Story-telling is believed to be one of our oldest human activities. Stories are ways of making sense of experience and ideas, expressing concepts and beliefs, shaping our identity, binding people together, and enabling conversations and associations which go beyond the political jargon of 'community cohesion' and 'connectedness'. More importantly still, mutually reinforcing stories become story-fields, that is, fields of influence, creating ideas of how life is or could be, and influencing people's behaviour, acting like magnets, with a powerful pull toward seeing and behaving in one certain way rather than another.

I have written elsewhere, and at length, about such meta-narratives, and won't inflict that on you here! Suffice it to say that stories and story-fields matter more than we often give them credit for: they possess the dynamic, contextualised, motivating power which enables the process of paradigm shift, the metamorphosis from one way of thinking to another. To put it simply, to change the future, first change the story. And to change the story, what do we need but narrative leadership – in our churches as much as in our political society.

As a cleric, I am of course concerned both that we tell our story and how we tell it, and of course this evokes Jesus' particular use of parables. These were vivid, brief, powerful, and open-ended, drawing his listeners into real life, familiar, yet timeless and universal situations, and confronting them and us with the demand for a decision or a response. There are some good contemporary examples of this innovative, 'parabolic' approach: the thoughtful, provocative songs and prose writings of Sydney Carter, the often over-used, but on-the-button poems of T.S. Eliot and John Betjeman, the unconventional paintings of Stanley Spencer, the hymns of Brian Wren, and the excellent if controversial Martin Scorsese film The Last Temptation of Christ. All of these tell the Christian story in ways that, without diminishing the original, nonetheless strip layers away to reveal a core that can resonate today; and they are accessible, comprehensible, without requiring the listener or viewer to sign up for anything, least of all propositional doctrine.

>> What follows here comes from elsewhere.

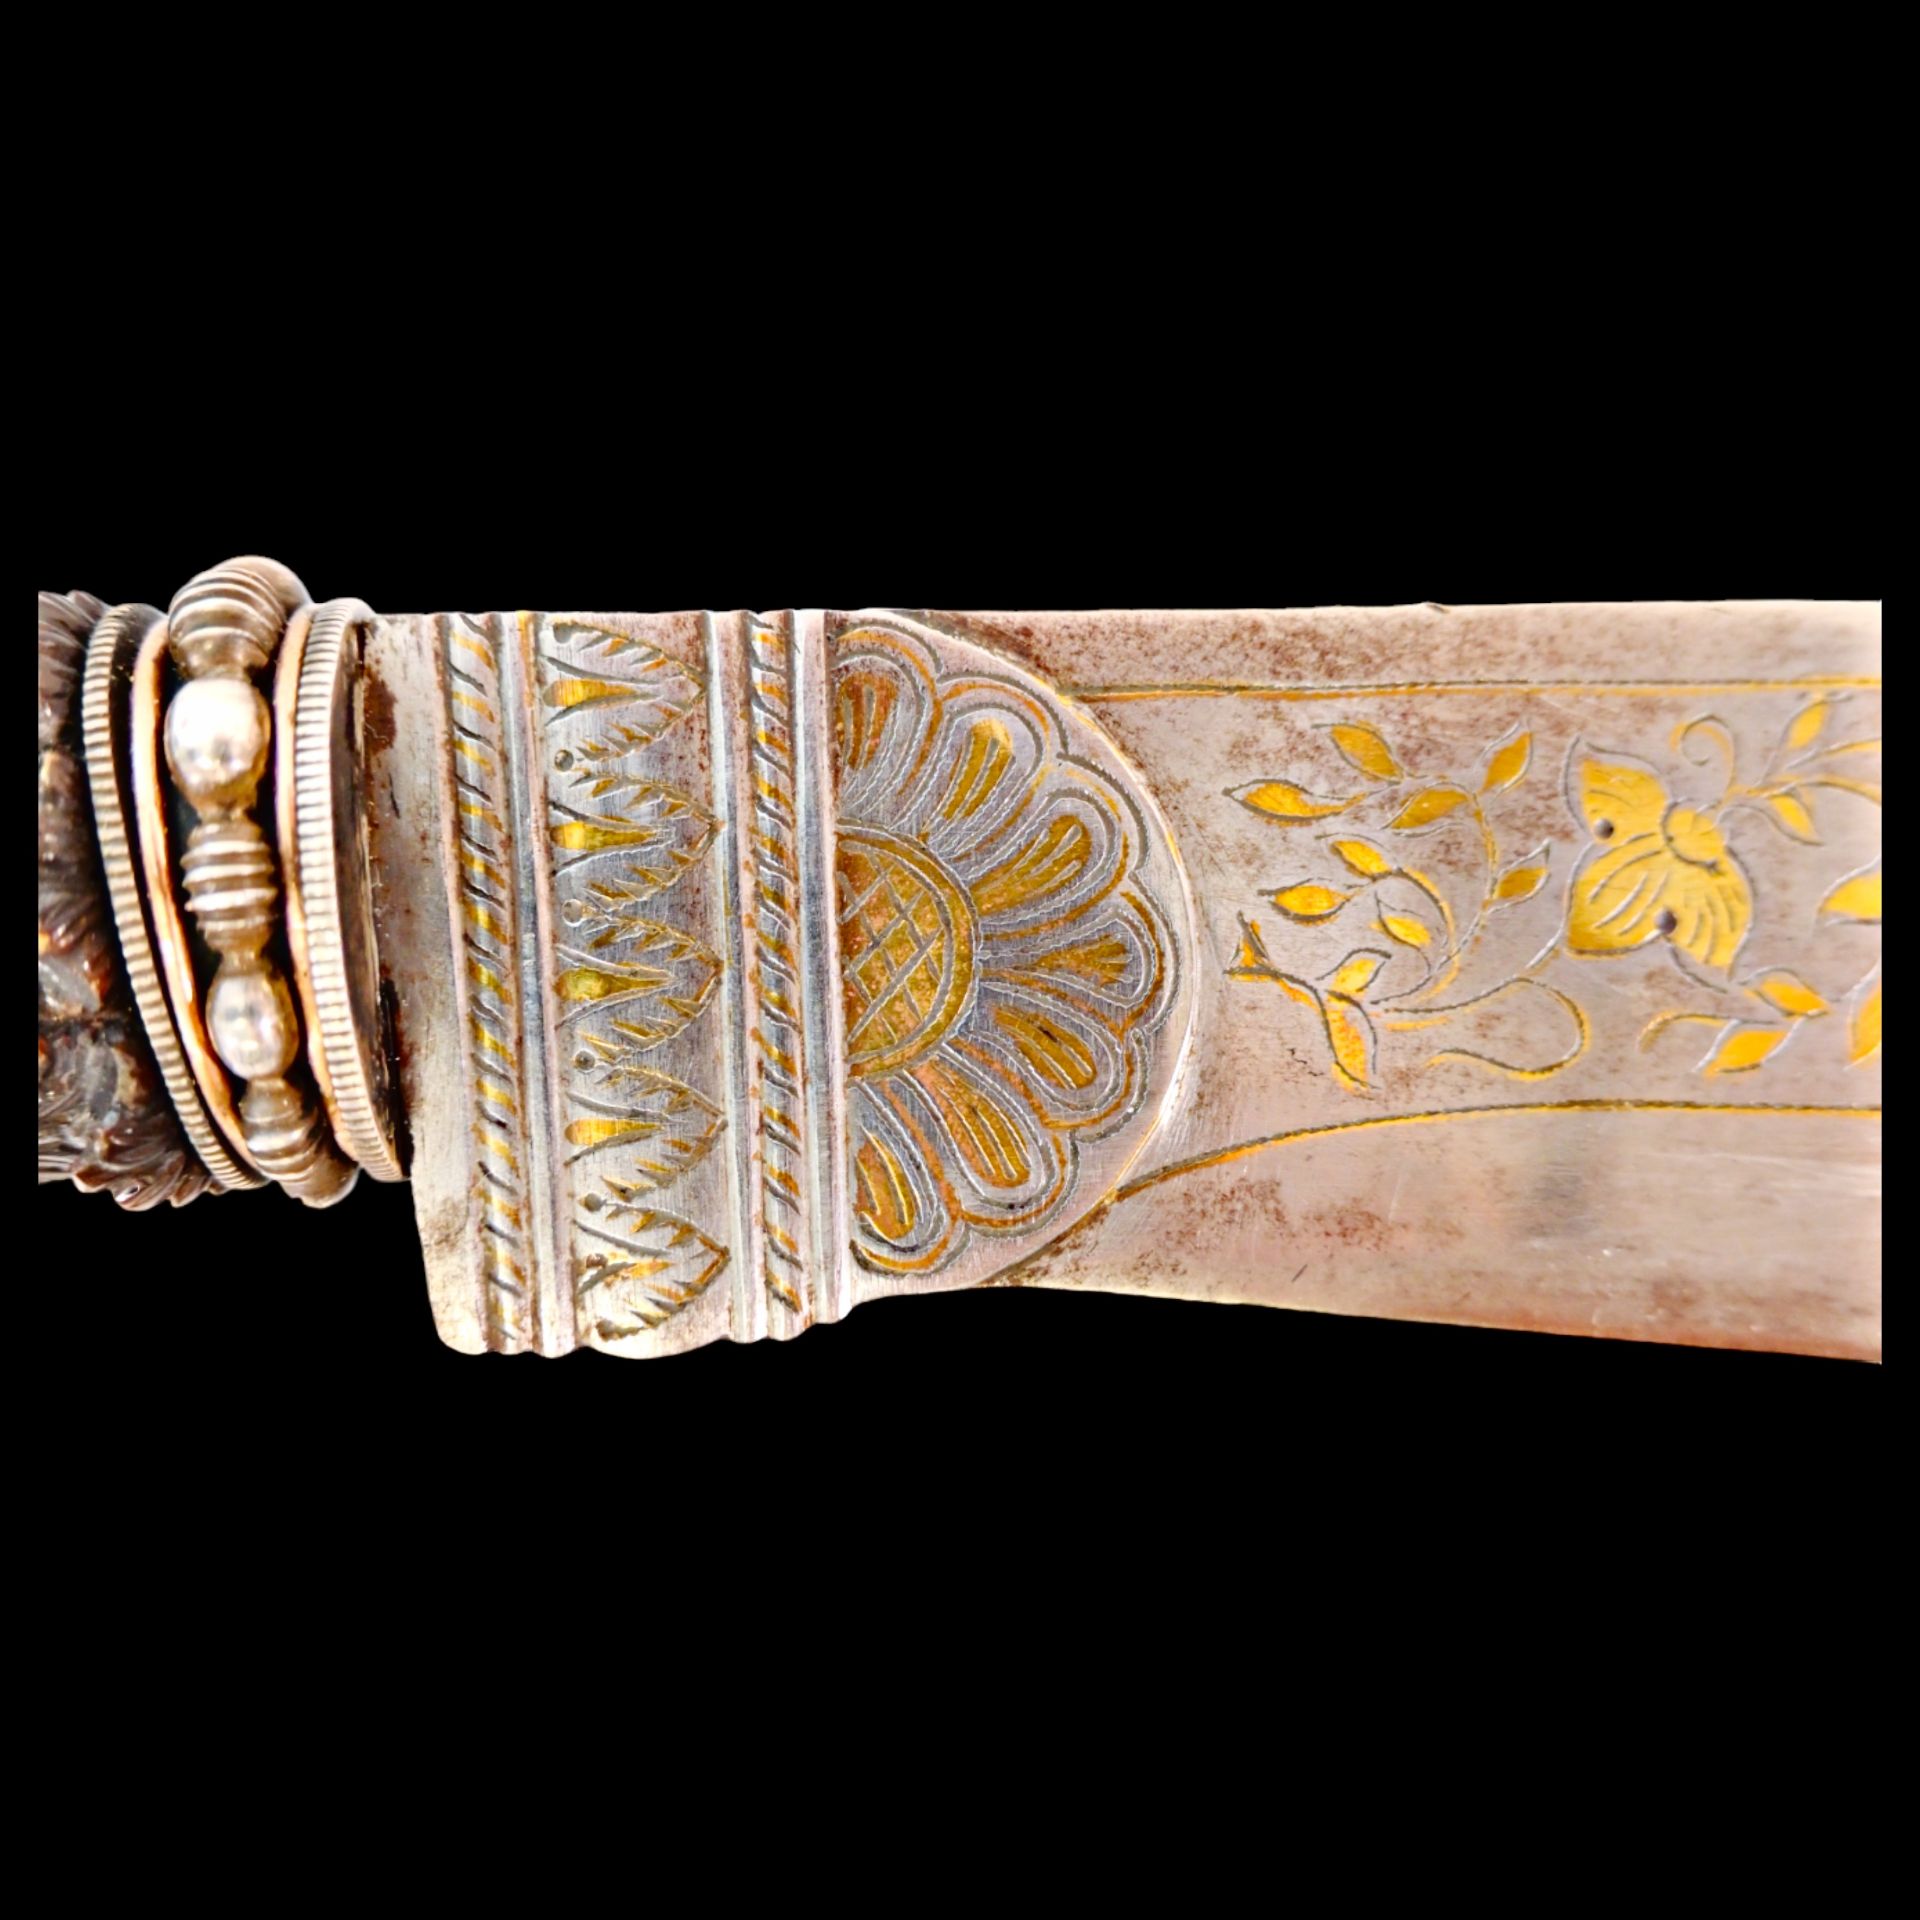 Magnificent, richly decorated knife, Indonesia, first half of the 20th century. - Image 25 of 33

And there is also an example – perhaps one of many, but the only one known to and experienced by me - of an experiment not simply in telling the story but in living it out, namely the Iona Community, founded in the 1930s by a friend of my uncle Boris, the Church of Scotland minister, George McLeod. McLeod recognised that there was a deep and urgent need for clergy to find new ways of communicating and living the gospel, resulting in a scattered community which crosses the boundaries of race, gender, sexual orientation, and denominational affiliation, and which brings together work and worship, prayer and politics, the 'sacred' and the 'secular' in ways that reflect a strongly incarnational theology.

For me, the Iona Community is a model of how the Christian story can be both communicated and lived in the here and now, rather than the various no doubt well-intentioned efforts to create 'church' in new styles, or to dress it in supposedly modern clothes, aiming to reach the un-churched. Perhaps, indeed, the concept of 'church' needs if not to be thrown away, then certainly recast. What is important is not the institution it once was, nor the resources represented by church buildings, nor the documented numbers of church members, but trust in God and in each other, so that we can 'sing the Lord's song', albeit in the strange land of today, and to join in the telling of a story which can help any and all people both to heal and to enable their optimum health – physical, emotional, mental, and spiritual – regardless of who they are or what they have been. The community of faith, the household of God, is not for the favoured few, nor for those who attach this label or that to themselves or others, but for everyone who is touched by God's grace, and all those who seek to be.

My question is answered, not just in terms of a 'what' but also a 'who', and a little bit of 'how' and 'why'. To 'where' and 'when' the answer is always the same: here and now. And it only took forty-five years!